Chief Tango sends us our feel good stories again this morning, The first is from Florida where an 89-year-old jewelry store owner, Arthur Lewis, whose marksmanship is showing improvement;
Confronted with an armed bandit trying to rob his jewelry store, 89-year-old Arthur Lewis decided to fight back, pulling his own handgun and shooting the robber six times.
Now, the suspect, who fled but ended up in a hospital, is facing charges while Lewis is trying to move on from the dramatic incident, which saw him fighting with a felon less than half his age – and getting the upper hand.
It’s not the first time Lewis has been forced to wield firepower to ward off robbers. In 2009, according to media reports, he exchanged gunfire with a young man who had also tried to rob the store, but nobody was hit.
This time, the suspect, Lennard Patrick Jervis, 43, of Miramar, was in the line of fire. According to deputies, he took four gunshot wounds to the chest, one to the wrist, and one to the leg in the failed heist.
The next story comes from Houston;
The trouble erupted at a cell phone repair shop in a shopping strip on West Road near Ella Boulevard, when two men initially identified as robbers walked into the store Monday around 4:30 p.m.
Authorities piecing together a series of confusing reports initially said the cell phone store was robbed and the owner chased the suspects to a Fiesta store on West Mount Houston Road. In the parking lot of the store, the store owner reportedly shot one of the suspects, forced the injured man into his vehicle and drove him away.

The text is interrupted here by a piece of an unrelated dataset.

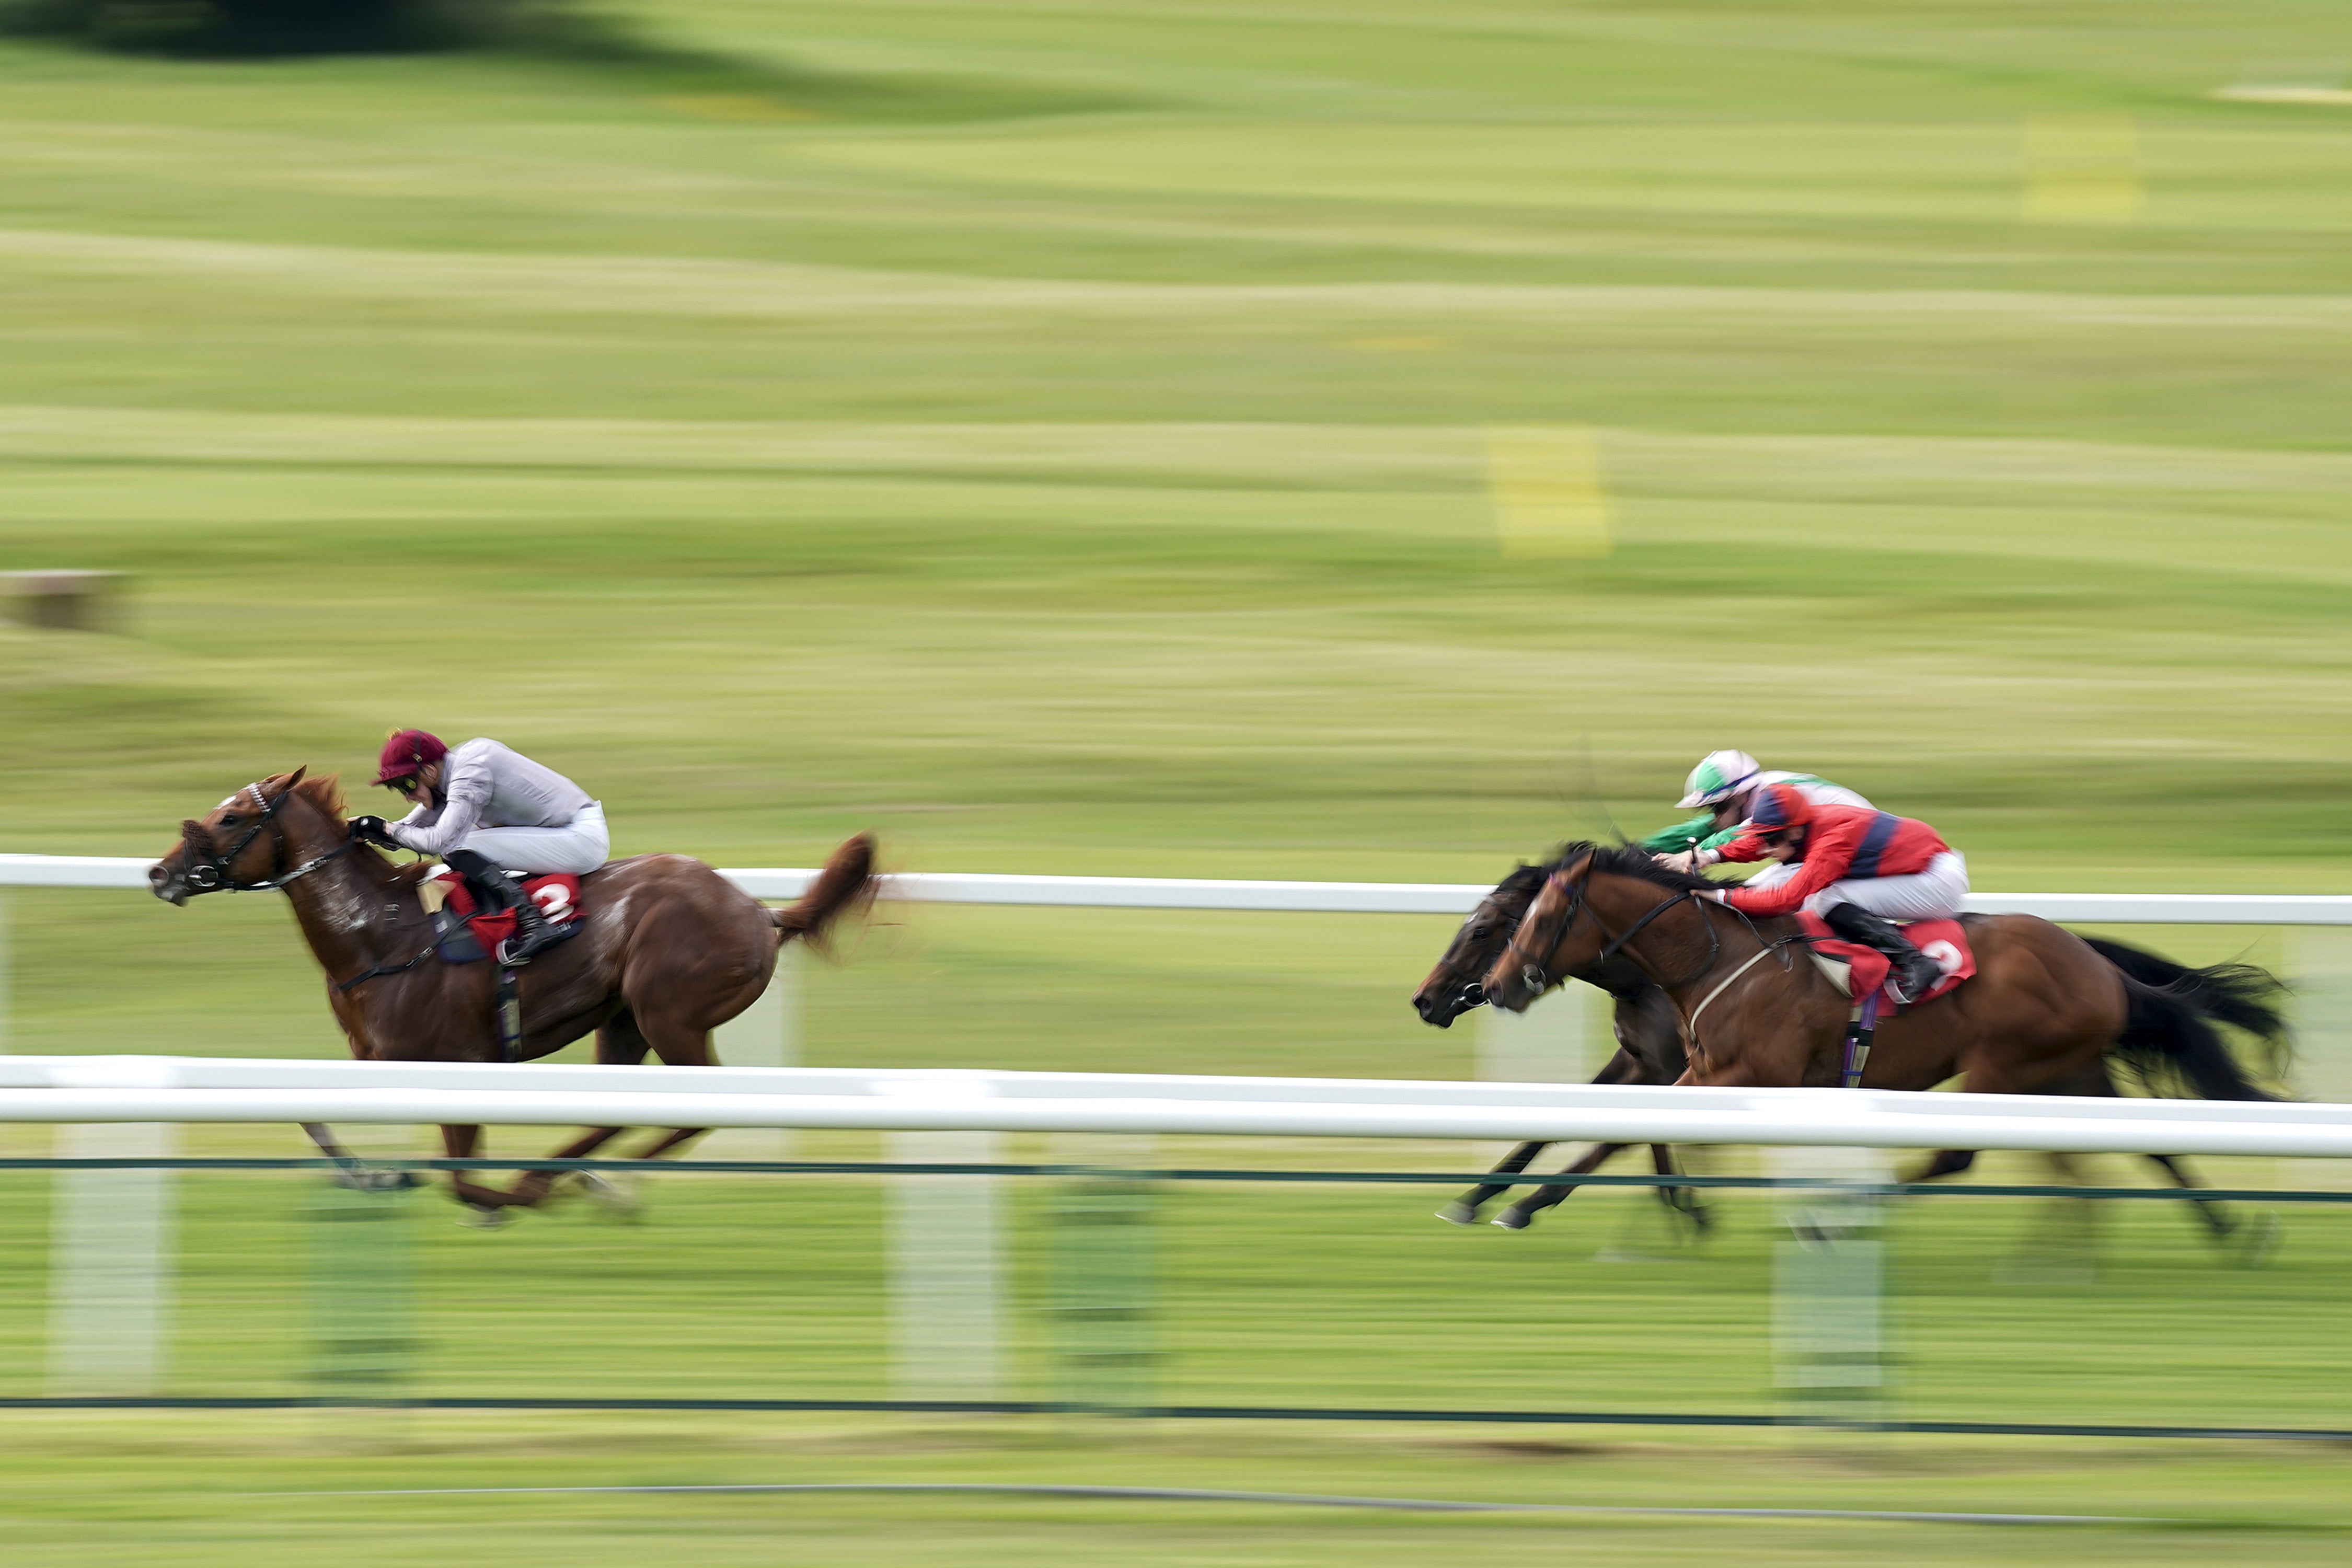 James Doyle riding Ebro River (left) coming home to win The Coral ‘Beaten By A Length’ National Stakes at Sandown Park Racecourse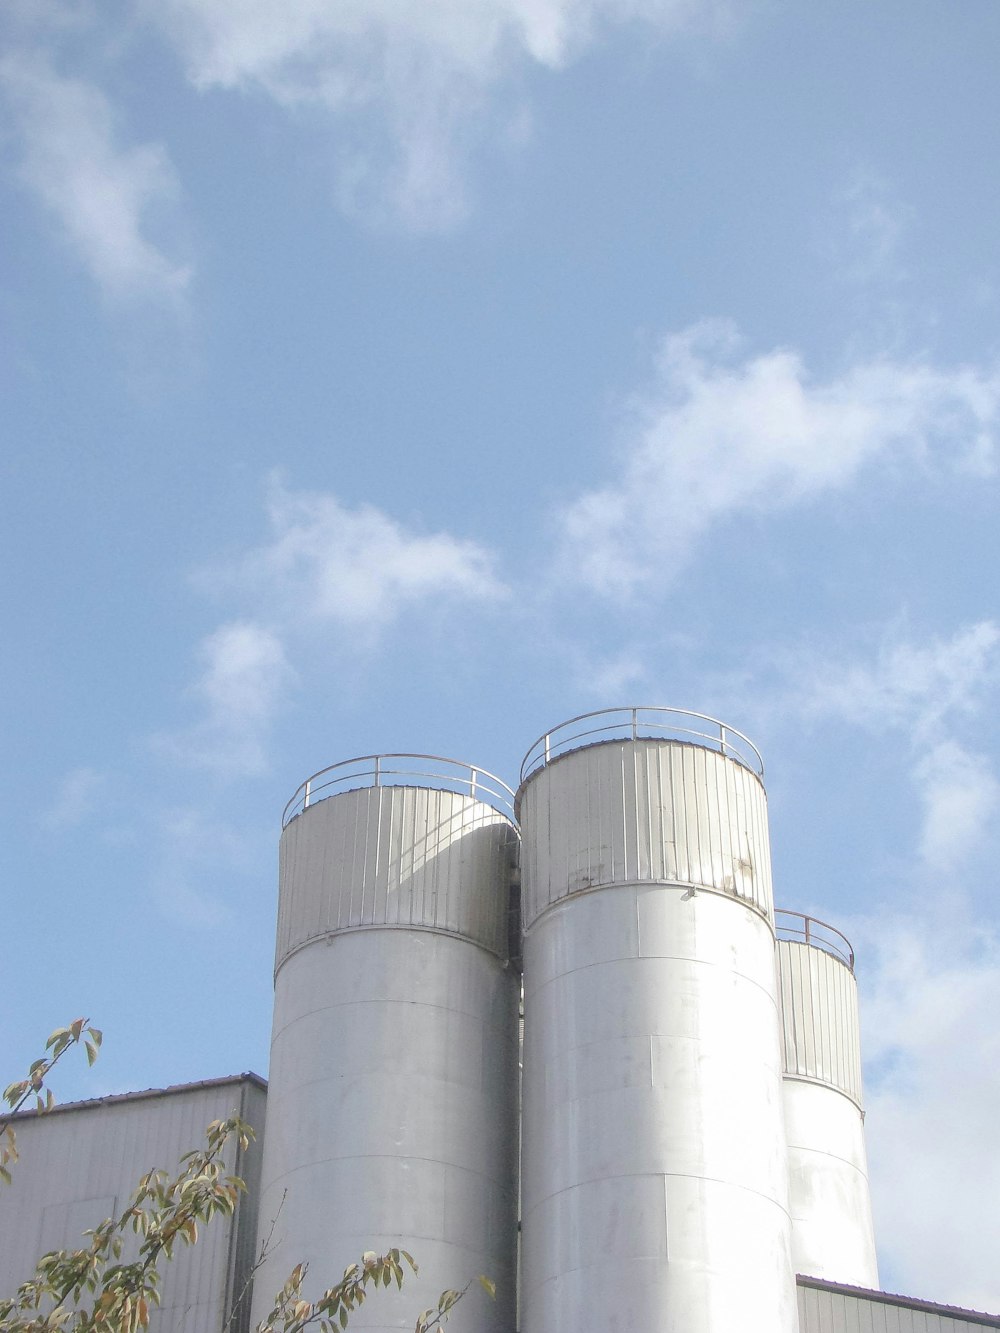 two silos against a blue sky with clouds

The initial report said the suspect suffering from a gunshot wound bolted out of the vehicle and later turned up at a nearby hospital. Meanwhile, investigators said, the second suspect was discovered in a residential area.
The 73-year-old homeowner told KETV NewsWatch 7 everyone was asleep upstairs, when they heard suspicious noises initially thought to be storm related.
The homeowner said he grabbed a gun and started walking downstairs, when he saw someone trying to climb through a front window.
With the alarm system blaring, the homeowner said he yelled at the intruder to stop. But when the intruder didn’t stop, the homeowner said he shot the man.
When officers arrived, they found Jorge Ramirez on the front porch, bleeding.
Officers were able to locate the shooter, who made the 9-1-1 call, and reported that he observed an unknown person entering his home from across the street.
The owner of the residence then told police that he armed himself and went to his home to investigate. The owner stated he approached the burglar through a window and shot twice.
The burglar then exited the home and the homeowner fired twice more. The burglar then ran into the backyard, and the homeowner went back inside to call police.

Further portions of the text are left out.